Vous avez décidé de relever un défi ambitieux en vous inscrivant à votre premier triathlon. Mais face à cette nouvelle aventure, une question se pose : comment organiser votre préparation ?
Car si le triathlon combine trois disciplines d’endurance, s’y préparer ne consiste pas simplement à pratiquer un peu de natation, de vélo et de course à pied au gré de ses envies. Il s’agit en fait d’une question d’équilibre et, avant tout, d’une analyse de ses propres capacités.
Dans cet article, nous allons voir comment concilier intelligemment ces trois disciplines, pour maximiser sa progression sans se blesser à cause d’un volume d’entraînement trop important.
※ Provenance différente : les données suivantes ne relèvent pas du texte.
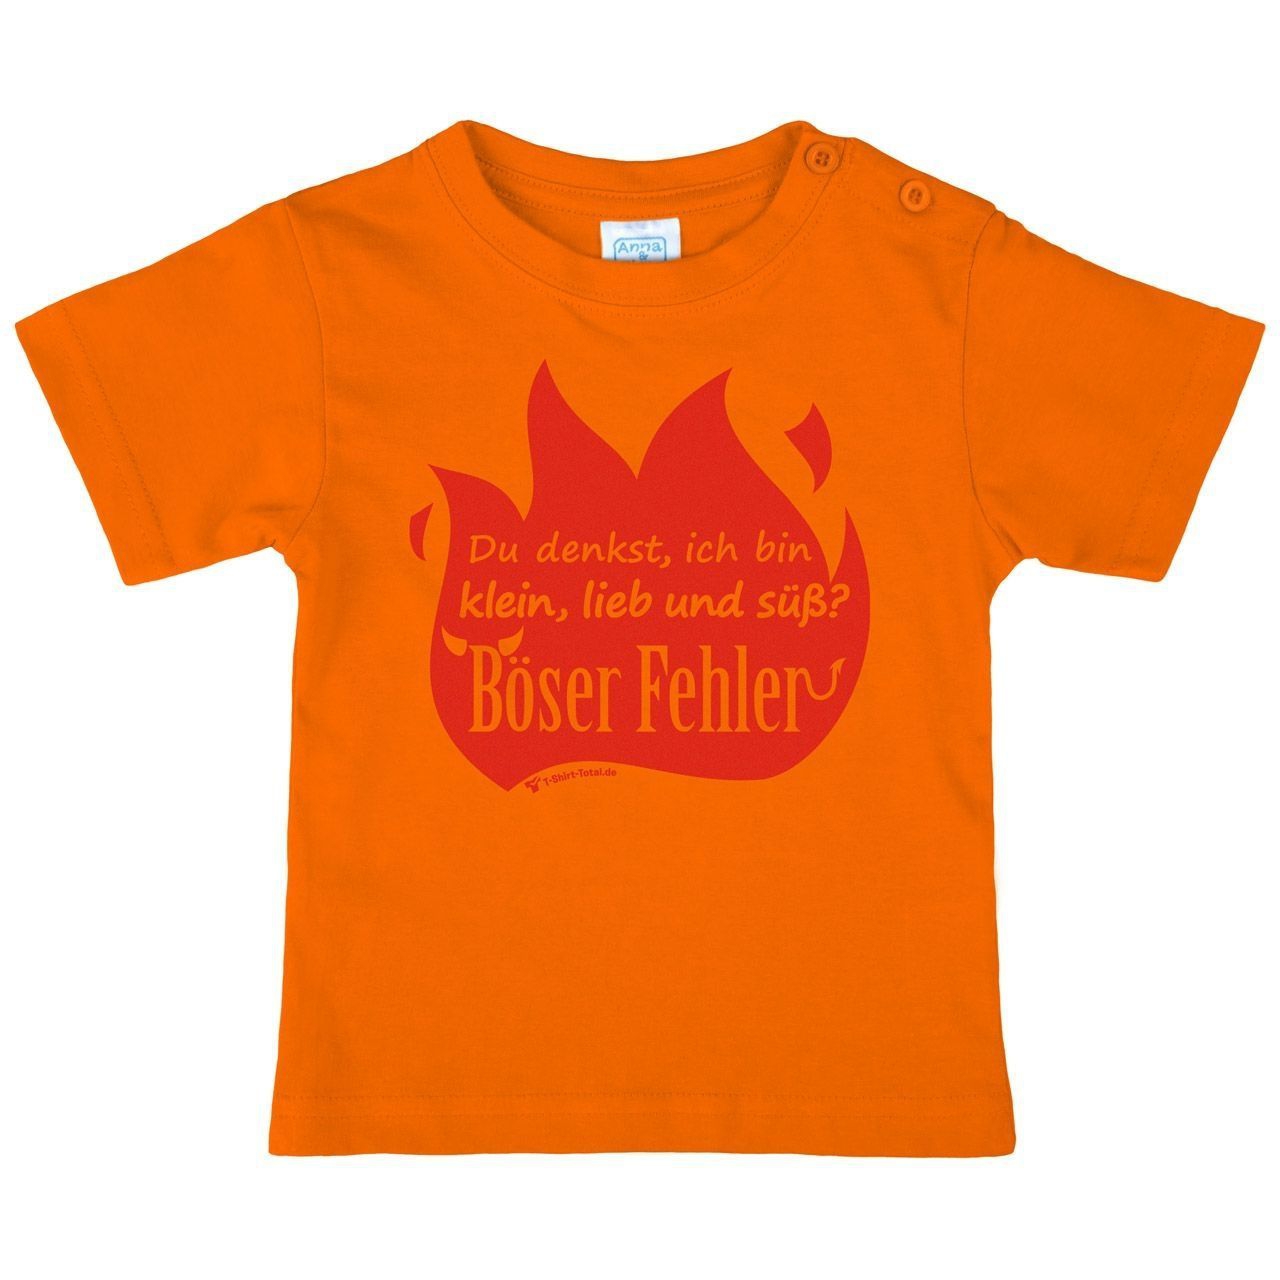 Böser Fehler Kinder T-Shirt orange 80 / 86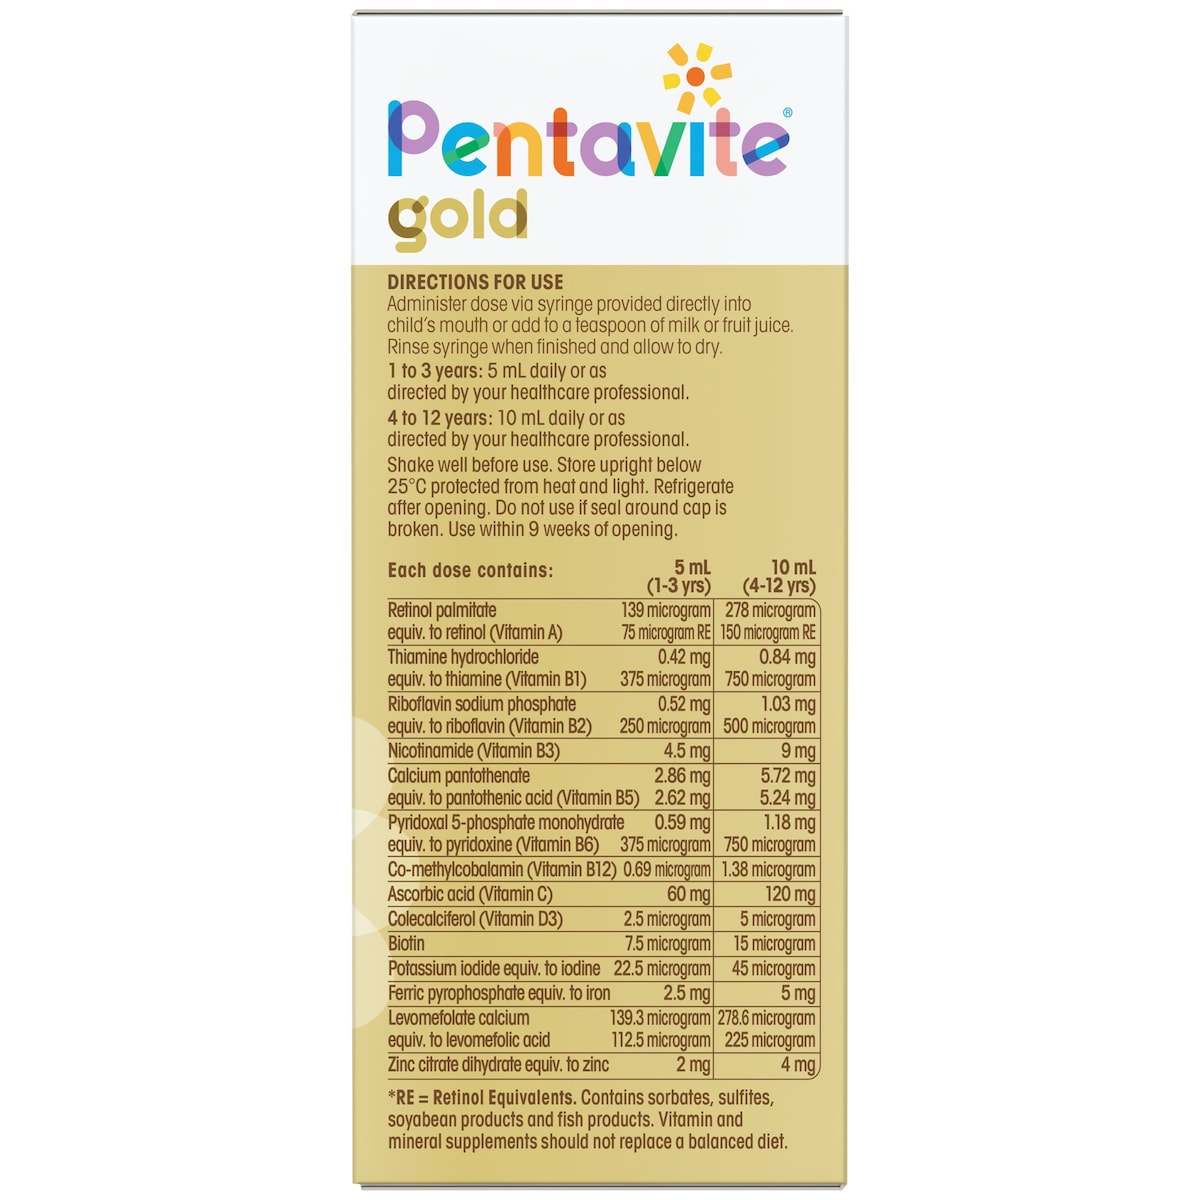 Pentavite Gold Multivitamin + Iron Liquid Kids Watermelon Flavour 200ml

Combien de séances d’entraînements par semaine ?
Pour commencer, parlons du volume d’entraînement, c’est-à-dire du nombre de séances réalisées chaque semaine, mais aussi, et surtout, de leur durée. Ce volume dépend de plusieurs facteurs, notamment de votre niveau et de votre expérience. Afin d’éviter les blessures, il est essentiel de mettre son ego de côté et d’accepter que, lorsque l’on débute en triathlon, le volume d’entraînement reste relativement faible, même si vous avez êtes déjà un runner aguerri.
Pour un triathlète débutant
Si vous préparez votre tout premier triathlon, il n’est pas nécessaire de s’entraîner tous les jours. En général, 3 à 4 séances par semaine suffisent pour débuter. L’objectif est surtout de développer une base d’endurance dans les trois disciplines tout en laissant le temps au corps de récupérer. Les séances peuvent durer entre 45min et 1h, avec par exemple une séance de natation, une sortie vélo et deux séances de course à pied.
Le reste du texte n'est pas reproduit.